Un altro esempio? Una volta eravamo di ritorno da un pindabat (questua del cibo). Io camminavo dietro di lui, seguendolo da vicino in modo rispettoso. Venivamo dal retro del monastero e andavamo verso il sentiero centrale nella foresta, quando due lucertole caddero da un albero. Luang Por le guardò, poi si voltò e disse: “Guarda quelle lucertole, erano intente all’accoppiamento. Se non fossero state catturate dalla sensualità non sarebbero cadute e non si sarebbero fatte così male!”. Molto semplice, e considerato che a quel tempo ero un novello monaco fu un insegnamento molto simpatico e diretto.
Luang Por Chah insegnava facendo riferimento a situazioni reali, comuni, che andavano subito al punto.
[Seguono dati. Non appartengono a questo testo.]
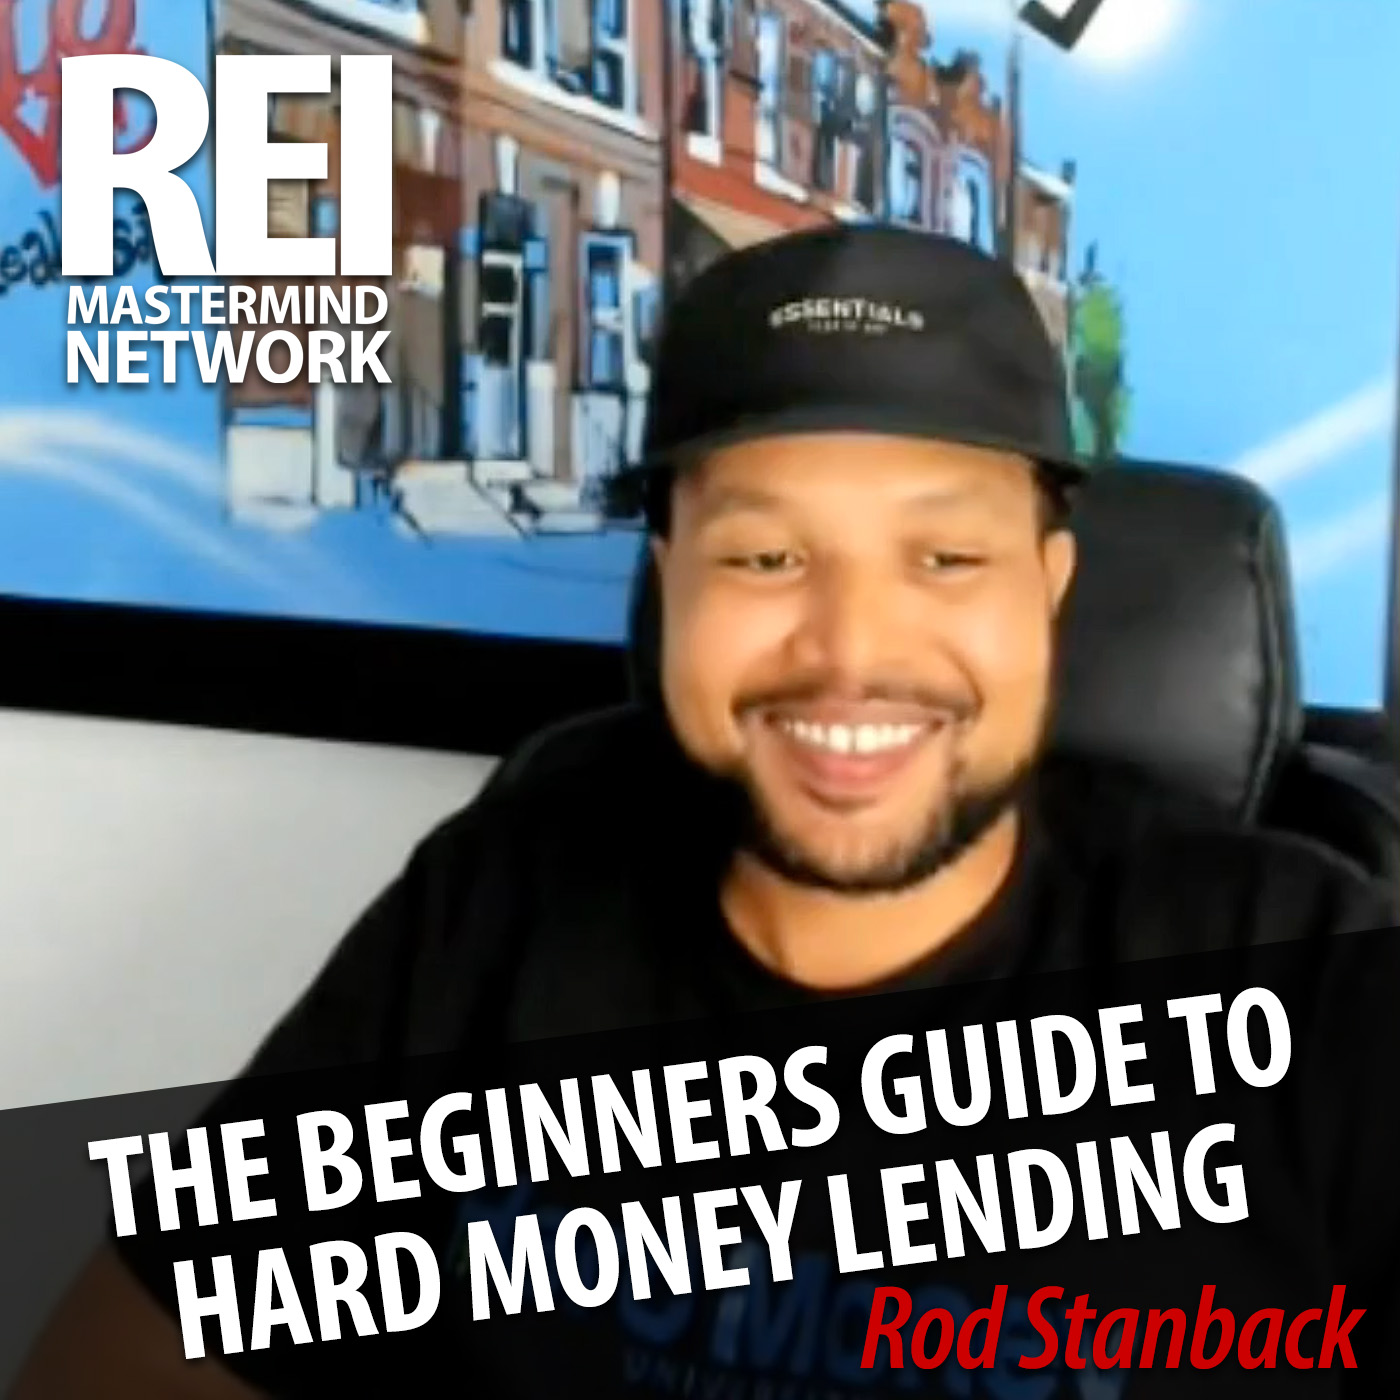 The Beginners Guide to Hard Money Lending with Rod Stanback

L’abilità di Luang Por di fare esempi e scegliere le cose significative intorno a noi potenziava le nostre capacità di vedere il Dhamma da soli, invece che cercare nelle Scritture o rivolgerci sempre a lui, capendo così che il Dhamma è davvero tutto intorno a noi ed è qualcosa che ciascuno può riconoscere. L’esperienza diventava molto potente, diretta e ricca di umanità.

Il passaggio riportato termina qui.